Relationship between the OSS and the Constant score

The original primary outcome was the Constant score (see main text). To confirm that the OSS was a suitable alternative, the correlations between the Constant score and the OSS were calculated.

The OSS is scored between 0 and 48, hence we rescaled scores to a 0–100 range to allow direct comparison to the Constant score (range is 0–100). These results suggest that there is a moderate to strong correlation between the two outcomes at each time point (see Table 49).

Participants with repairable tears

This analysis was added (prospectively, before recruitment closed) to investigate if there were any observable differences between participants who were randomised into the study and those who were excluded because their cuff tears were repairable.

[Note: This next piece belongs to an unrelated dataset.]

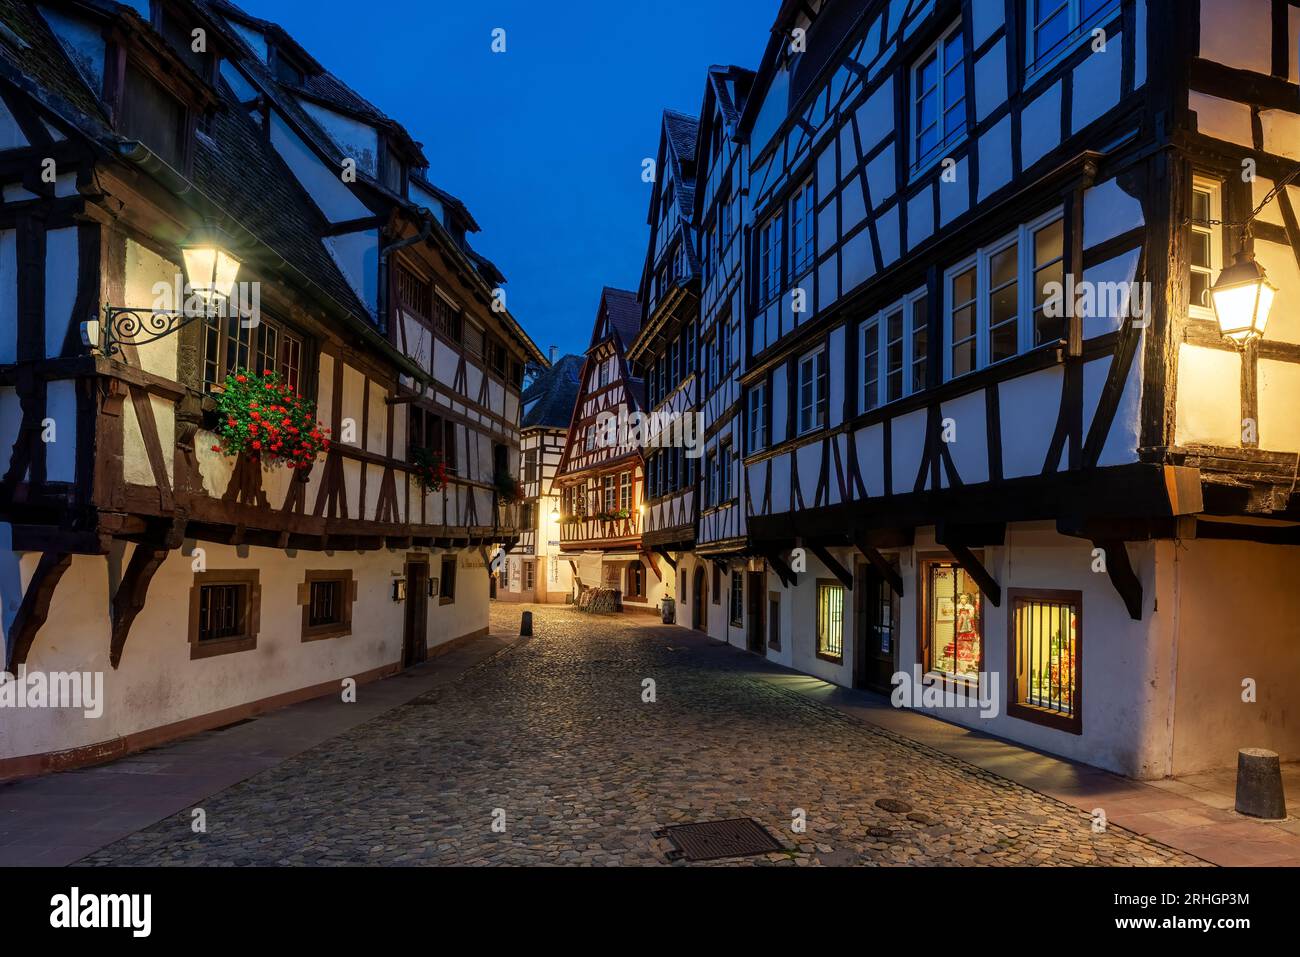 old street in Strasbourg, France Stock Photo

Table 50 shows the participants baseline information for the randomised group and the excluded intraoperative group due to having a repairable tear.

A t-test was performed between the randomised group and the participants with repairable rotator cuff tears that were excluded intraoperatively. The result showed that the repairable tear group had higher Constant score by 3.8 points, and a higher score for the OSS by 2.1 points. Neither test results showed statistical difference.

Tables 51 and 52 show the linear regression model results for the OSS and the Constant score, respectively.